4.8 Immunocomplex kinase assay
ICP10 kinase assays were as previously described (Luo and Aurelian 1992; Smith et al. 1996). Briefly, cell extracts in lysis buffer (20 mM Tris, pH 7.5, 150 mM NaCl, 1% NP-40 and protease and phosphatase inhibitor cocktails) were standardized for protein concentration and incubated with 10 µl of ICP10 antibody (1 hr, 4°C) and 100 µl of protein A-sepharose CL4B beads (50% v/v) (30 min, 4°C). The beads were washed (3×x) with RIPA buffer followed by TS buffer [20mM Tris-Hcl (pH 7.4), 0.15 M NaCl], resuspended in 50 µl kinase reaction buffer consisting of 10 µCi [32P]-ATP (0.1 µM, 3000 Ci/mmol, NEN), 5 mM MgCl2, 2 mM MnCl2, 20 mM Tris-HCl (pH 7.4), and incubated at 30°C for 30 min.

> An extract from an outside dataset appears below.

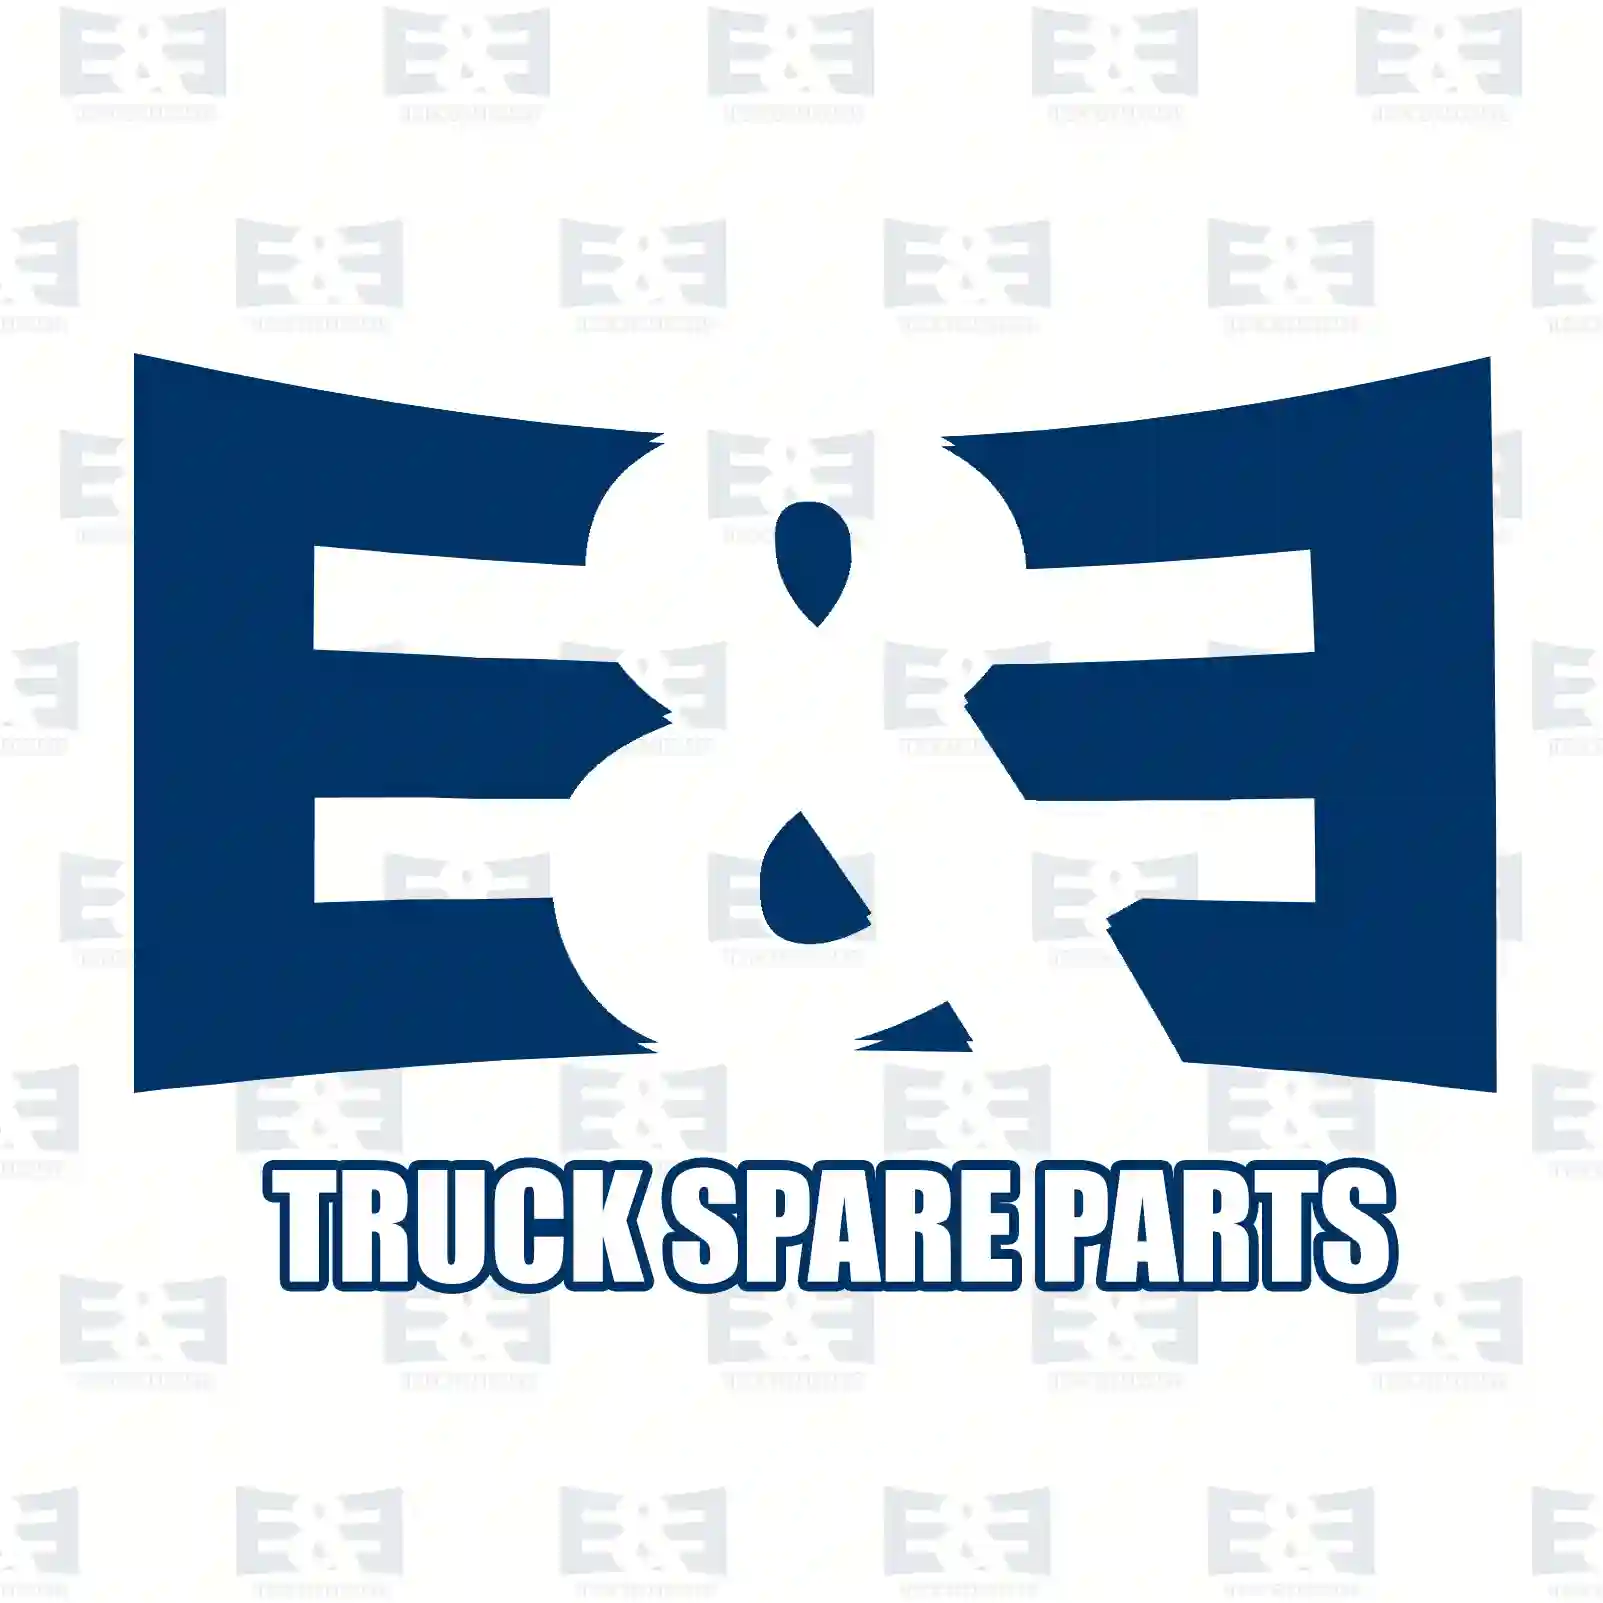 Brake disc, 2E2296334, 6384230112, , , , , , , , , ||  2E2296334 E&E Truck Spare Parts | Truck Spare Parts, Auotomotive Spare Parts Brake disc, 2E2296334, 6384230112, , , , , , , , , ||  2E2296334 E&E Truck Spare Parts | Truck Spare Parts, Auotomotive Spare Parts

Samples were washed in 20 mM Tris-HCl (pH 7.4) with 0.15 M NaCl and boiled for 5 min. after addition of 100 µl denaturing solution and proteins were resolved by SDS-PAGE.
4.9 Electrophysiology
OHC were placed in a recording chamber and perfused with extracellular saline containing (in mM) 137 NaCl, 2.8 KCl, 2 CaCl2, 1 MgCl2, 11.6 NaHCO3, 0.4 NaH2PO4, and 5.6 glucose at approximately 1 ml/min. Extracellular stimuli (−2 to −90 V for 100 µs) were delivered in the dentate gyrus using a 2 MΩ patch pipette filled with extracellular saline. Field EPSPs were recorded in stratum radiatum of area CA3 with an Axopatch 200B amplifier and Clampex 7 software (Axon Instruments). Evoked field potentials were elicited with pairs of stimuli at an interval of 65ms, repeated every 6s. Fifteen maximal amplitude responses were averaged in each culture.
ACKNOWLEDGEMENT
These studies were supported by NINDS, National Institutes of Health (NIH) public health service grant NS45169 to LA and NS40338 to SMT. MDG and JML were supported by grant ES07263 from NIEHS, NIH.